日々そういった刺激から身を守りながら、受けたダメージを自ら回復し、常に均衡を保とうとする力が備わっているとは、人体の持つ生命力のすごさ、再生の力とは本当に偉大なものです。
頭皮のケアには、そういった働きを助けたり、ダメージを補修するようなアイテムを取り入れる事も大切ですが、本来備わっているその力をとにかくジャマしない、ということを考えることも大切だと思います。
私は、頭皮の働きについて勉強する前は、徹底した除菌や過剰な潔癖を体に強いていました。よかれと思ってやっていた事が、結局は頭皮のお仕事をジャマして、それだけでなく、頭皮を傷つけて余計な仕事を増やしてしまっていたかもしれません。
頭皮の働きを知った今では、感謝を込めて頭皮をいたわっていこうという思いに変わりました。

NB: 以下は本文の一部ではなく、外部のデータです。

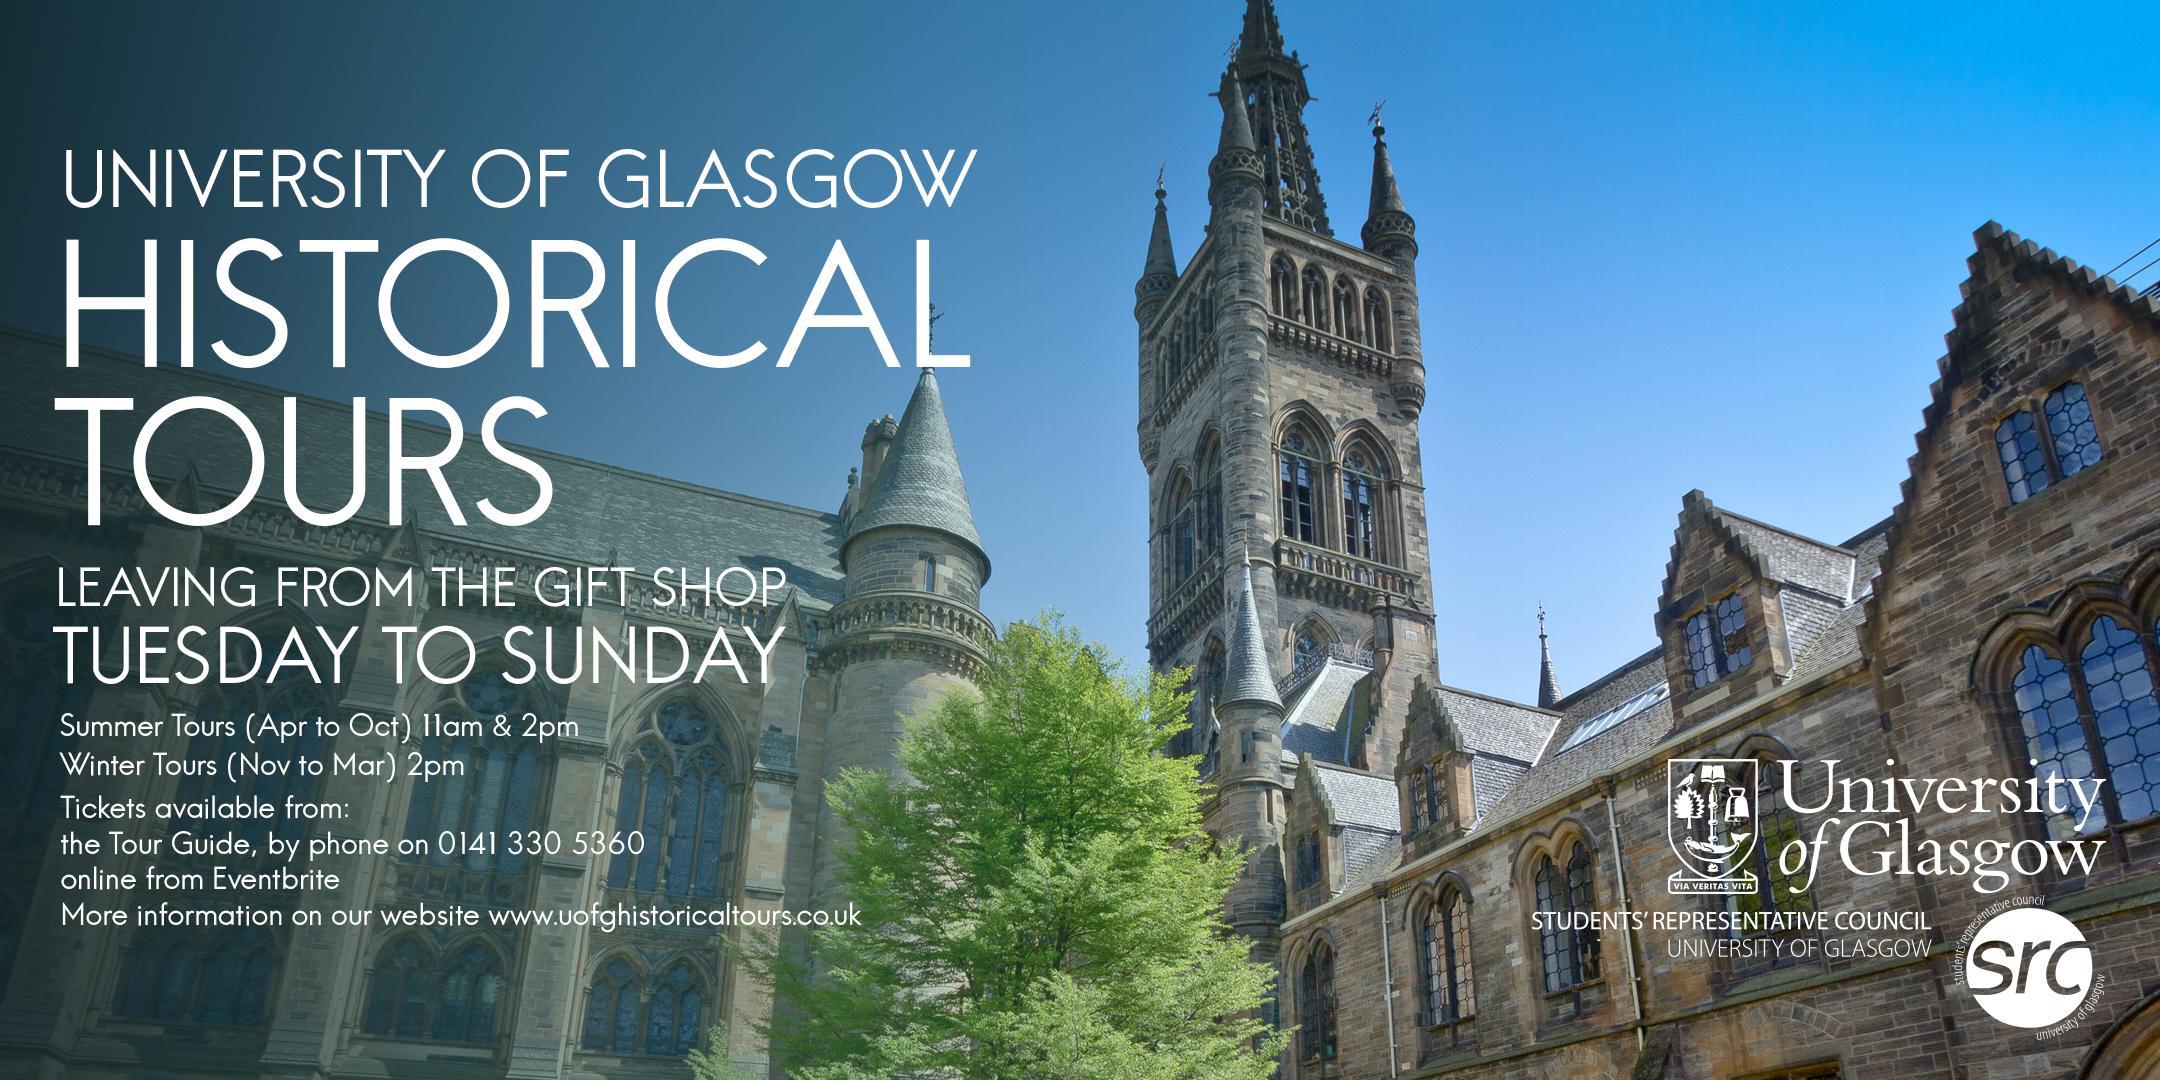 University of Glasgow Tours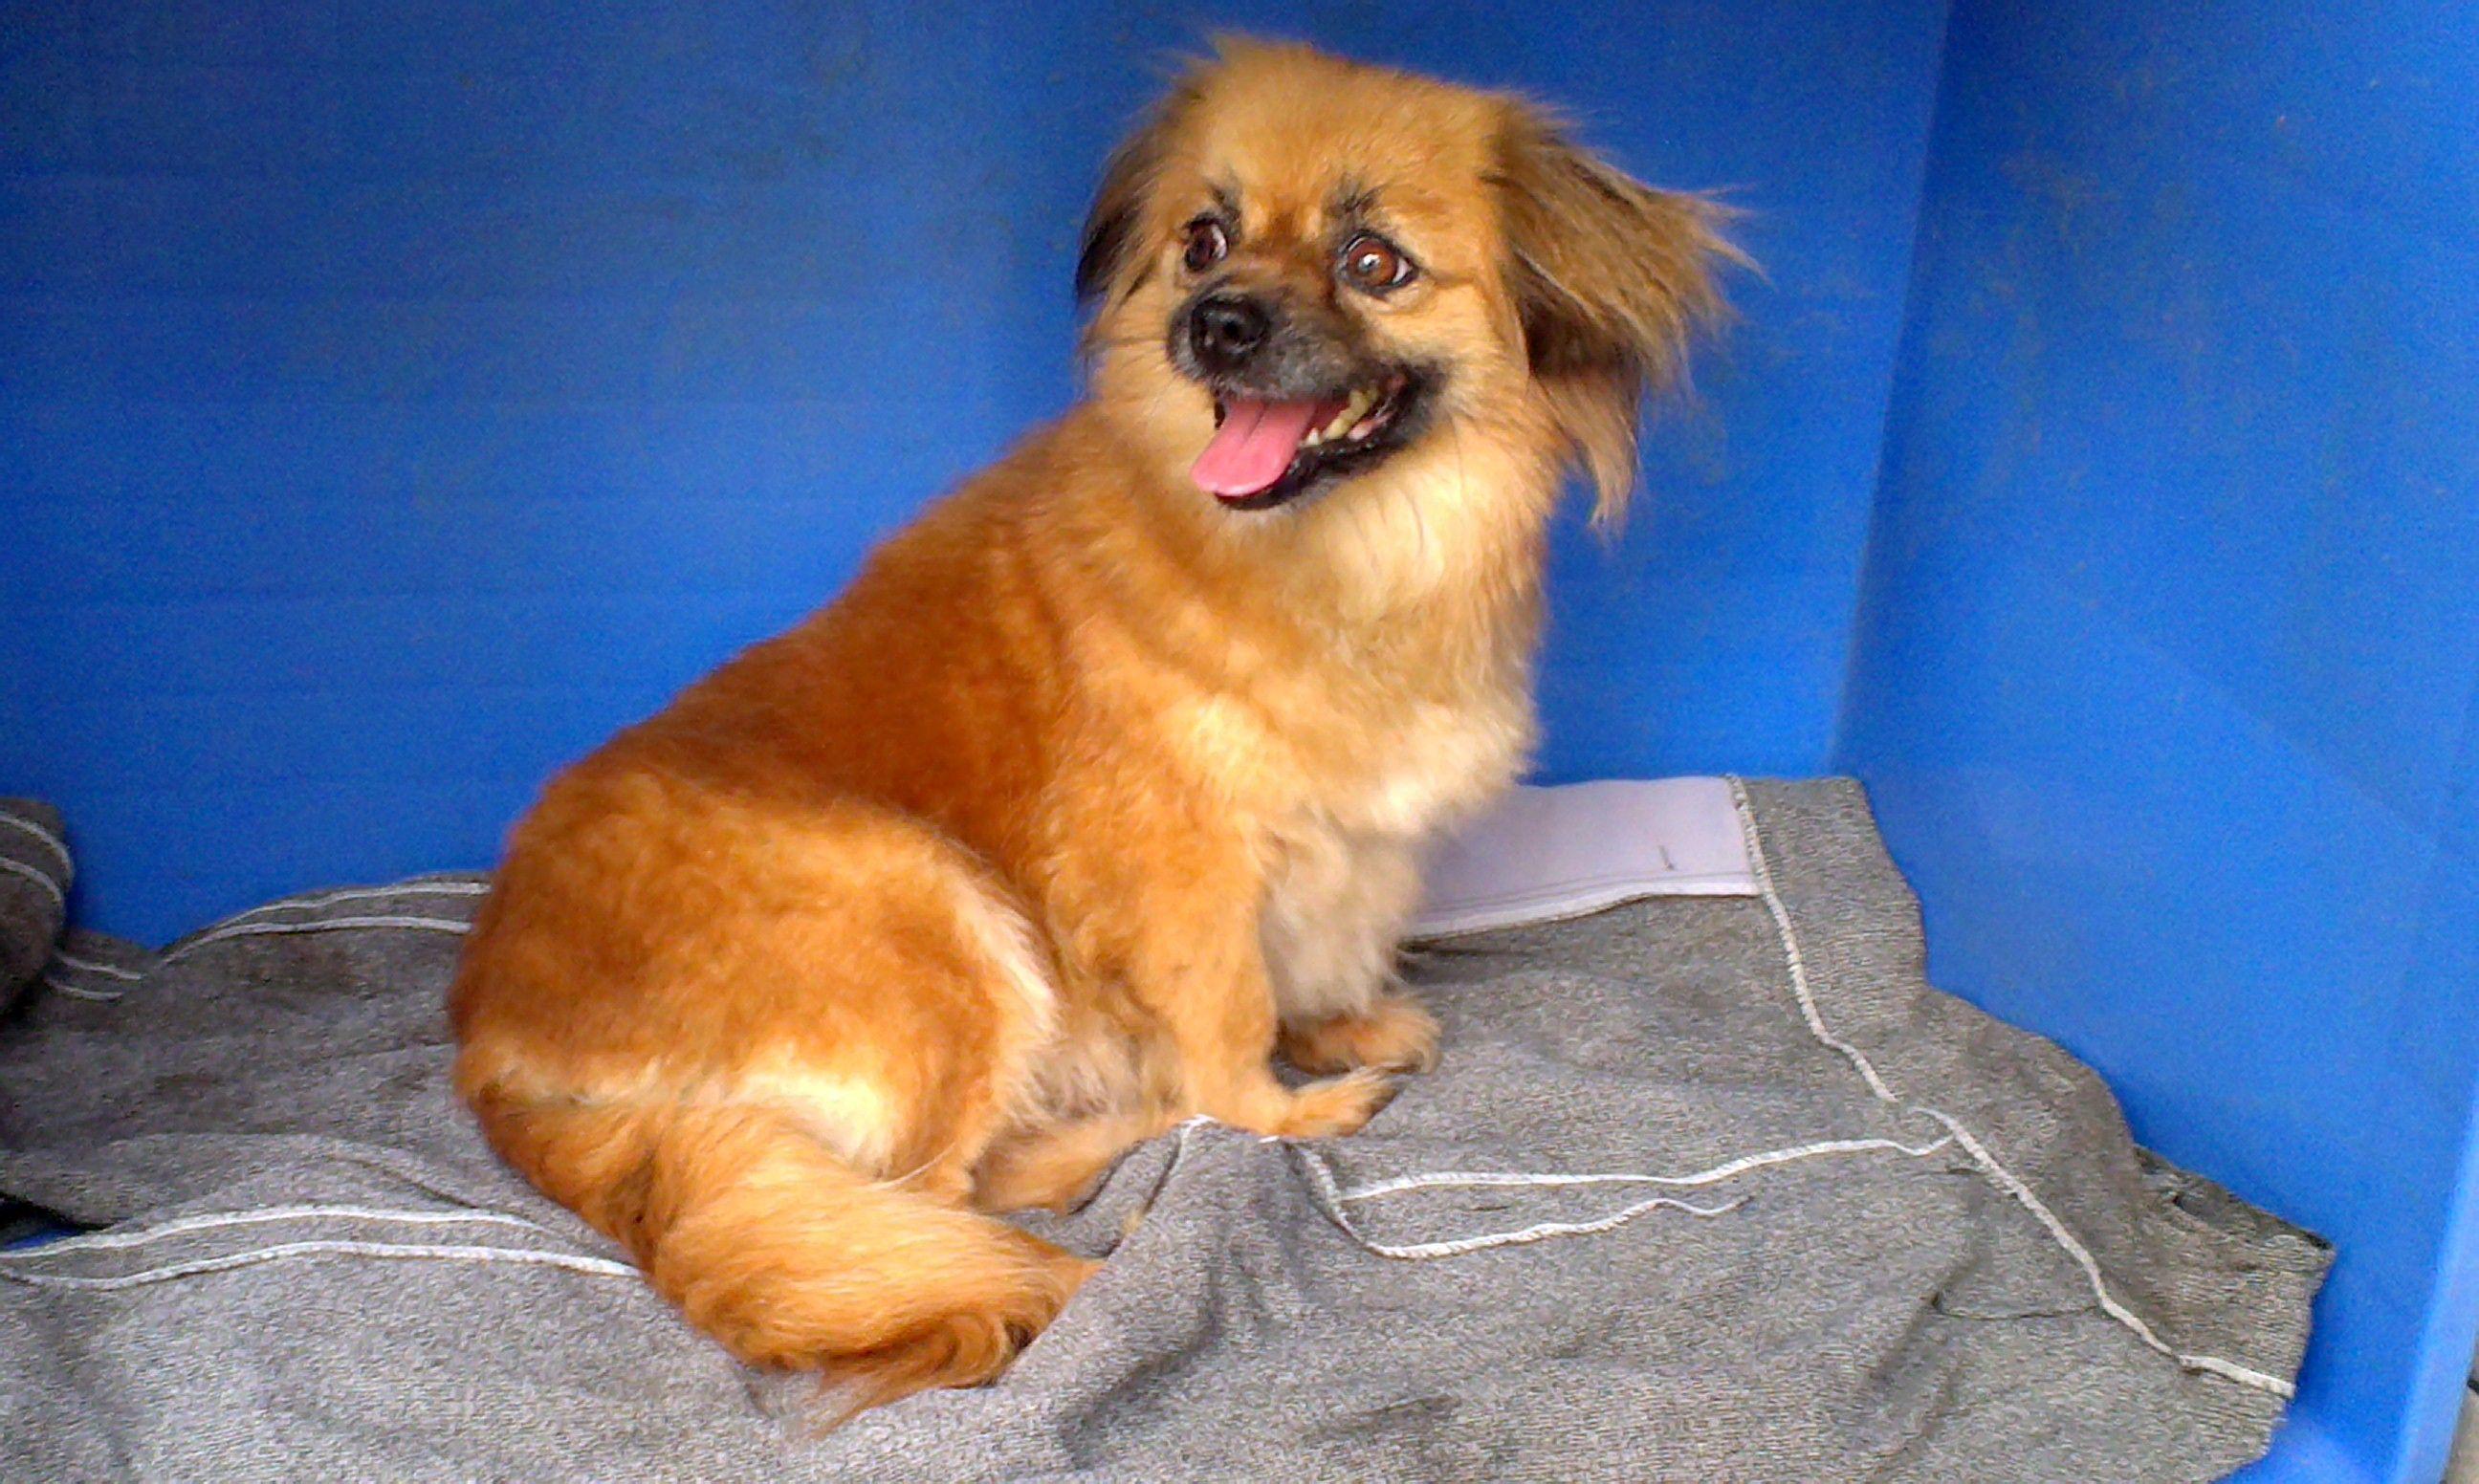 369宠物网_宠物狗的品种及图片-小型狗狗图片品种价格_狗的种类大全和图片

40歳を越えて、今更遅いかな、、という思いもよぎりましたが、年を取るとケガの治りが遅くなったりしますよね?今更ではなく、今だからこそダメージケアに気を配るべきだと思います。
頭皮の働きをジャマせず、時には頭皮の備えるシールドのメンテナンスもしながら、頭皮を助けるケアをしていくことが健康な髪につながり、くせ毛の悩みを軽くしてくれることになります。
髪のツヤとハリを取り戻し、少しでも広がりやパサつきを抑えて扱いやすい髪にするために、いたわりを持って頭皮ケアを続けていきましょう。